People start clicking the “Next” button to proceed to step two. Each click of the “Next” button causes an HTTP POST request to be sent to a PHP script housed on one of the web servers. This script inserts some data into the database indicating that a person whose name is X and whose e-mail address is Y has reserved an attendee slot for the next few minutes – this is mainly there so that you don’t register more people than you can fit in the convention hall. While this is happening for the first few hundred requests, several thousand more registrants are about to hit the “Next” button and start this process for their registrations. The database server starts fielding thousands of connections and inserting thousands of rows into the registration lock table at once. It starts to run out of memory and starts swapping, or it hits 100% CPU utilization, or it’s disks are seeking all over the place. It gets slower and slower. Eventually, it effectively stops returning responses to queries.

So now the database server is effectively hosed. The web servers continue to issue database queries anyway, and they have an increasing backlog of PHP scripts waiting for their database queries to return. The web servers’ memories fill up with session state, the PHP scripts’ stacks, TCP connection state, etc. Eventually, the web servers run out of memory, they start swapping and their performance essentially drops to zero. Requests for page two begin to time out. “500: internal server error” begins popping up on the screens of frustrated nerds around the globe. These users furiously hit “Refresh” hoping that the website will come back to life, which creates new requests and only makes the problem worse.

At this point, sysadmins are running around like their hair is on fire trying to get the problem under control. They try every trick in the book, but nothing works. Frantic phone calls are made. Servers are powered off in hopes that demand will recede if the server is inaccessible for a period of time. Demand does not recede.

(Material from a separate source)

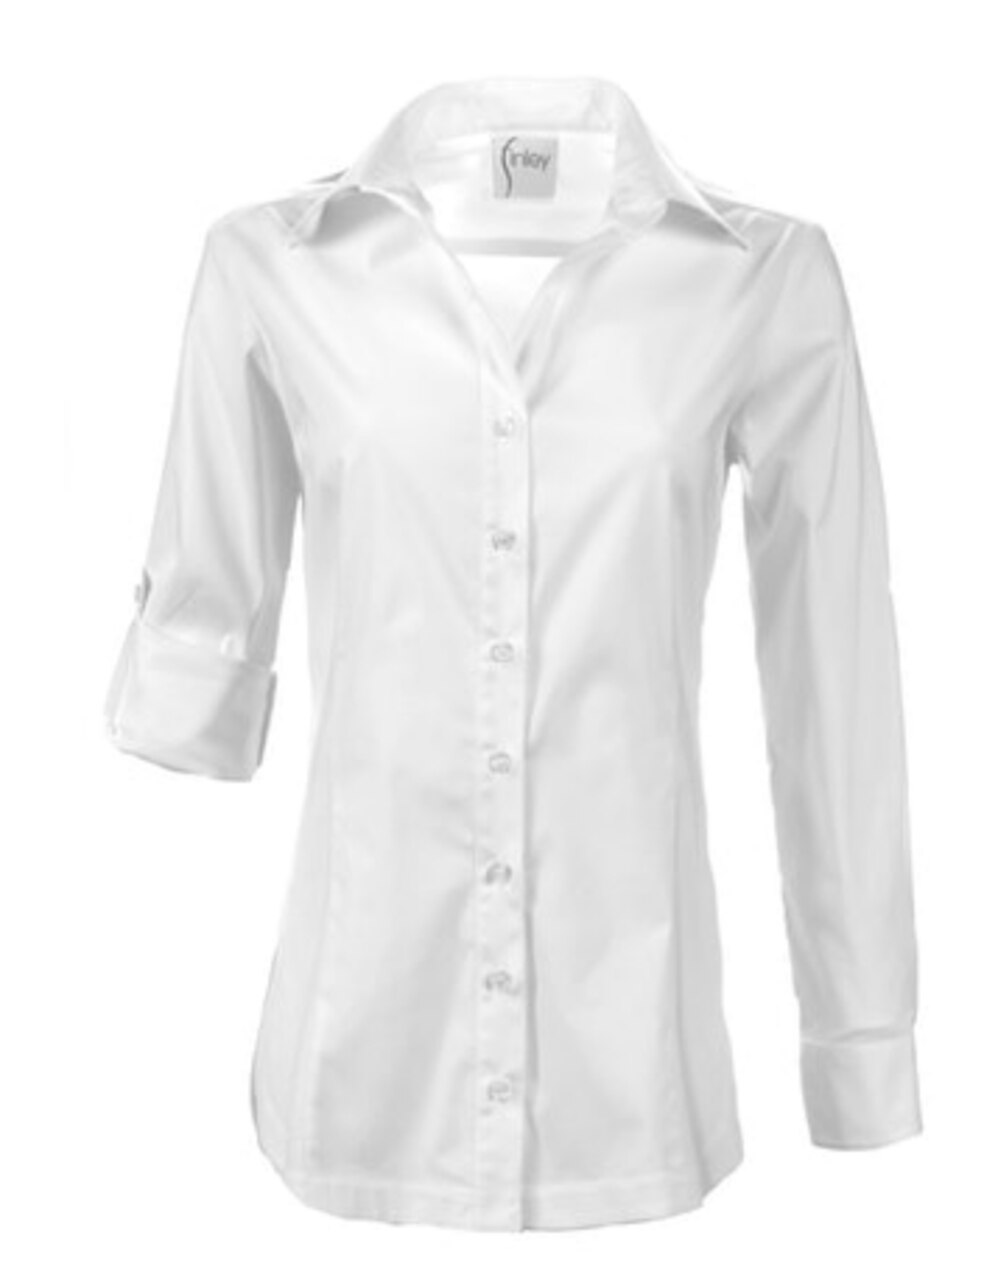 Cotton Poplin Classic Tailored Shirt – Finley

After about an hour, the decrease in volume from users giving up releases sufficient system resources for some lucky individuals to be able to advance to step 2: enter your address and phone number. Hundreds to thousands of users do just that and then click “Next” on step 2′s page within about 30 seconds of one another. This issues a flood of HTTP POSTs to another PHP script that is supposed to insert the information contained in the POST into the database and associate it with the name and e-mail address that the user entered in step 1. The problem returns with a vengeance and the servers fall over again. Few users make it to step 3 successfully.

7:30 AM: CCI orders the site closed, claiming that they will be “investigating their registration options”. EPIC (presumably) loses a high-profile client.

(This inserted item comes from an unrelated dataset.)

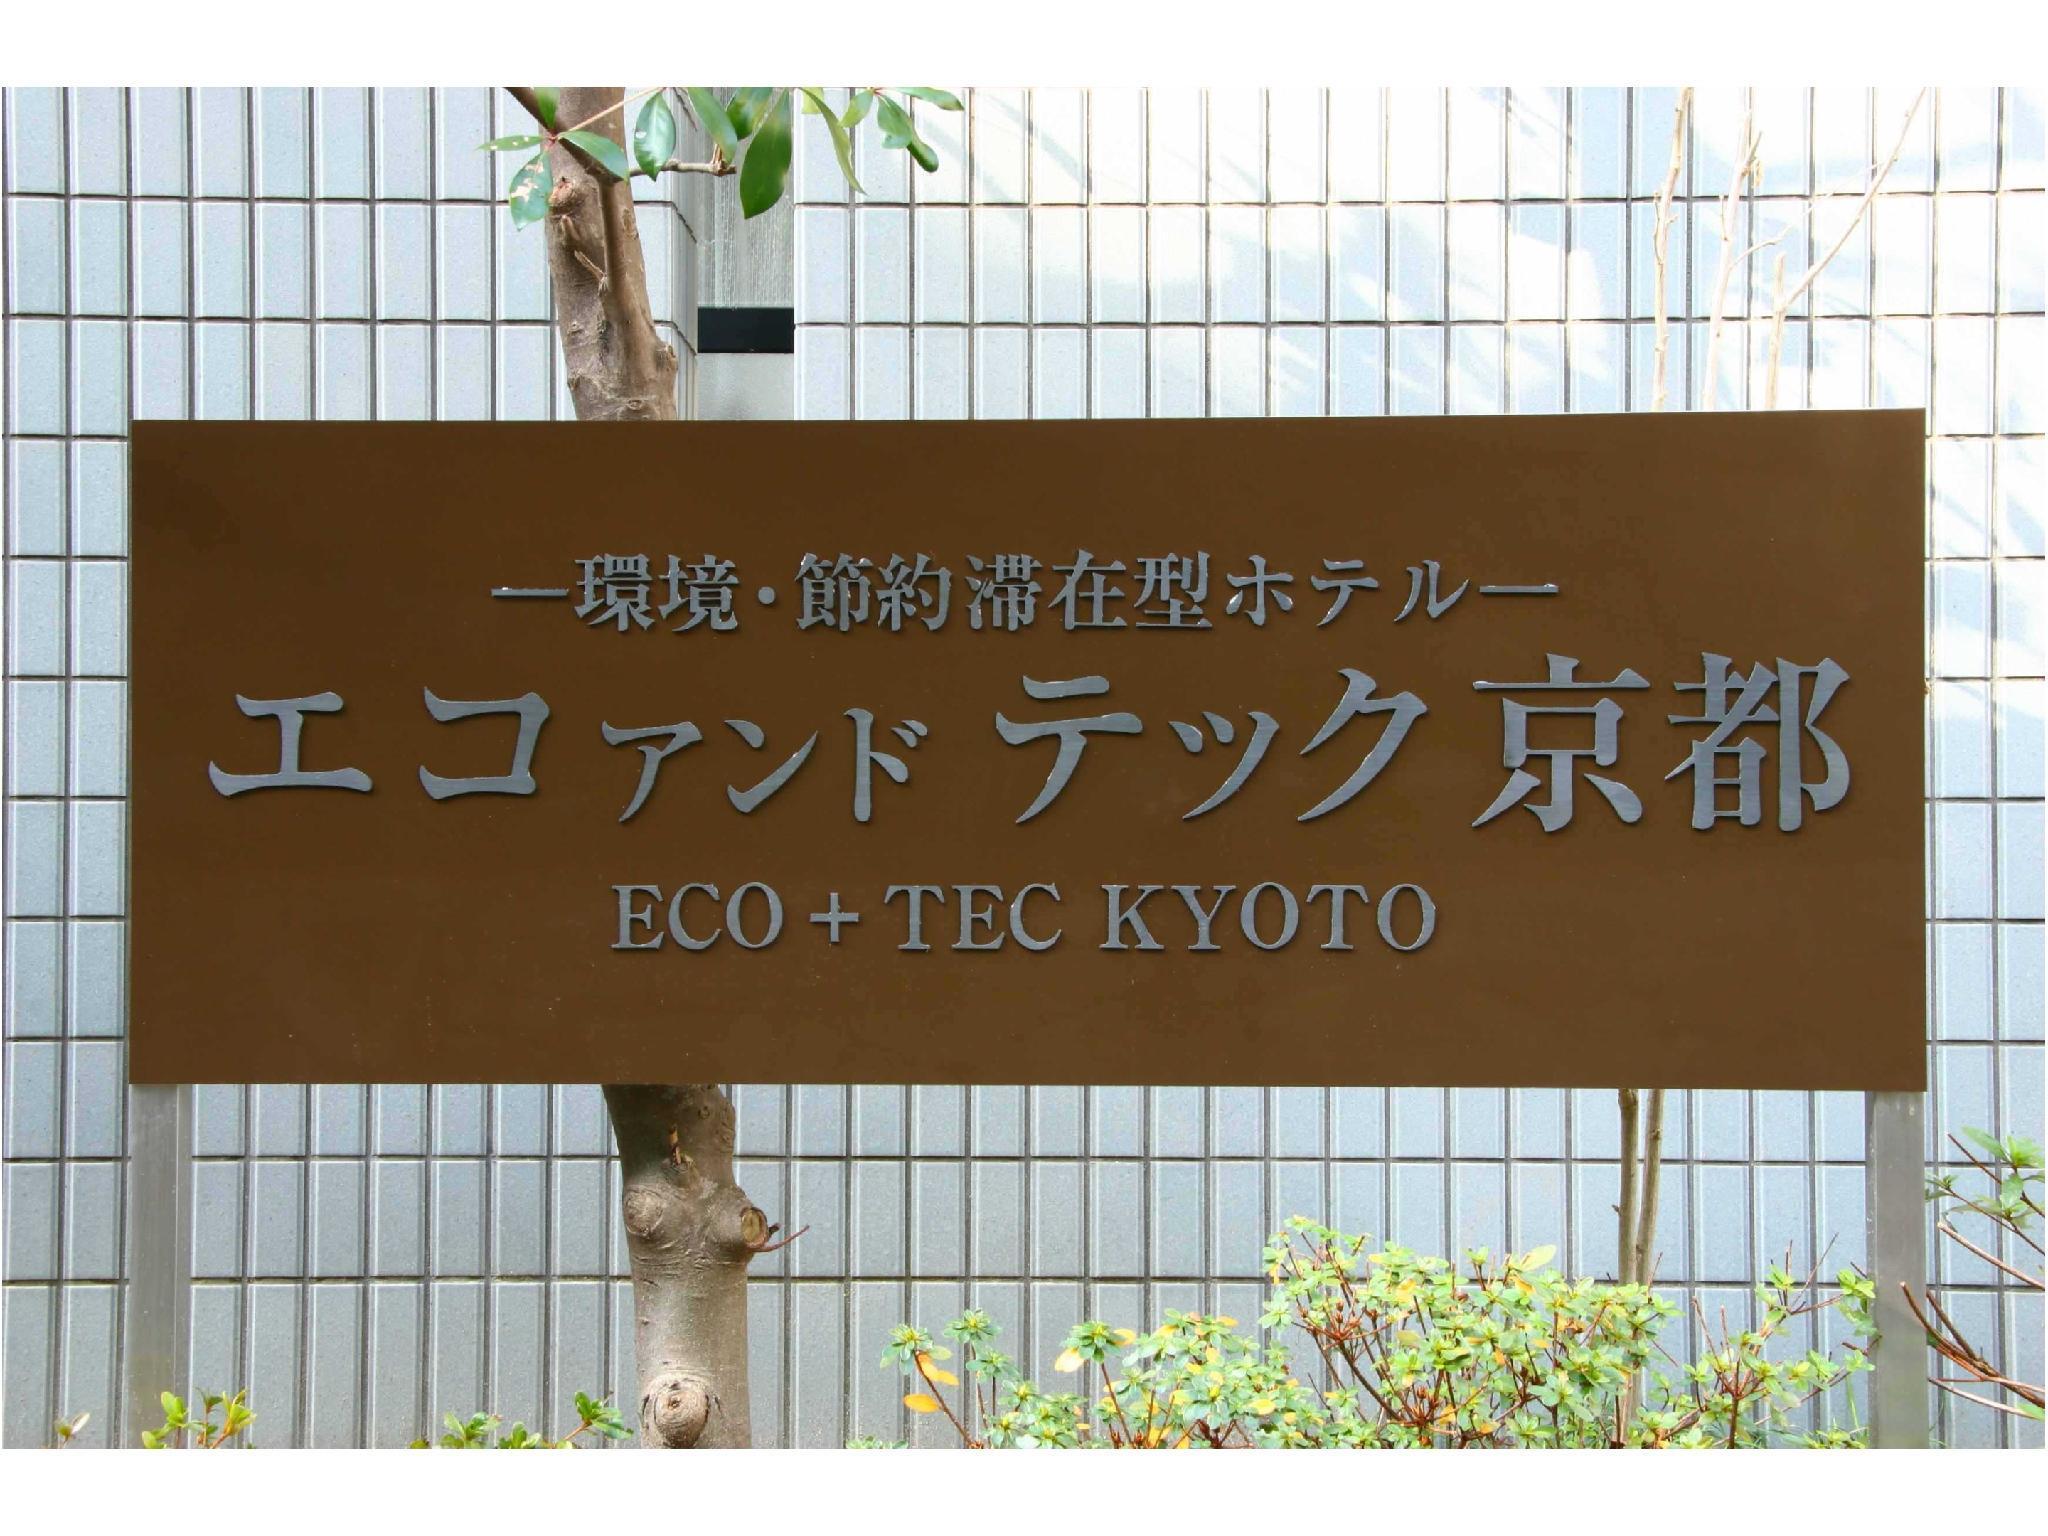 Eco And Tec Kyoto

Cloud Computing to the Rescue

So, what happened here? Fundamentally, EPIC’s servers were not sufficiently well-provisioned to handle the load presented to it by SDCC’s registrants. The servers couldn’t handle the strain, and so they ground to a screeching halt.

How can we solve problems like this? One way is to buy more and more well-provisioned computers and spread the load across them until the load on a given machine becomes manageable.  Unfortunately, this typically involves a lot of up-front and long-term costs: you need to buy the computers,  find some place to put them where they’ll remain cool and dry, and fix them when they break. Additionally, when your servers are talking to a database, the server hosting the database must be doubly well-provisioned, often at significant additional cost. Oracle makes a lot  its money selling ridiculously well-provisioned database servers the size of a refrigerator for hundreds of thousands of dollars a piece.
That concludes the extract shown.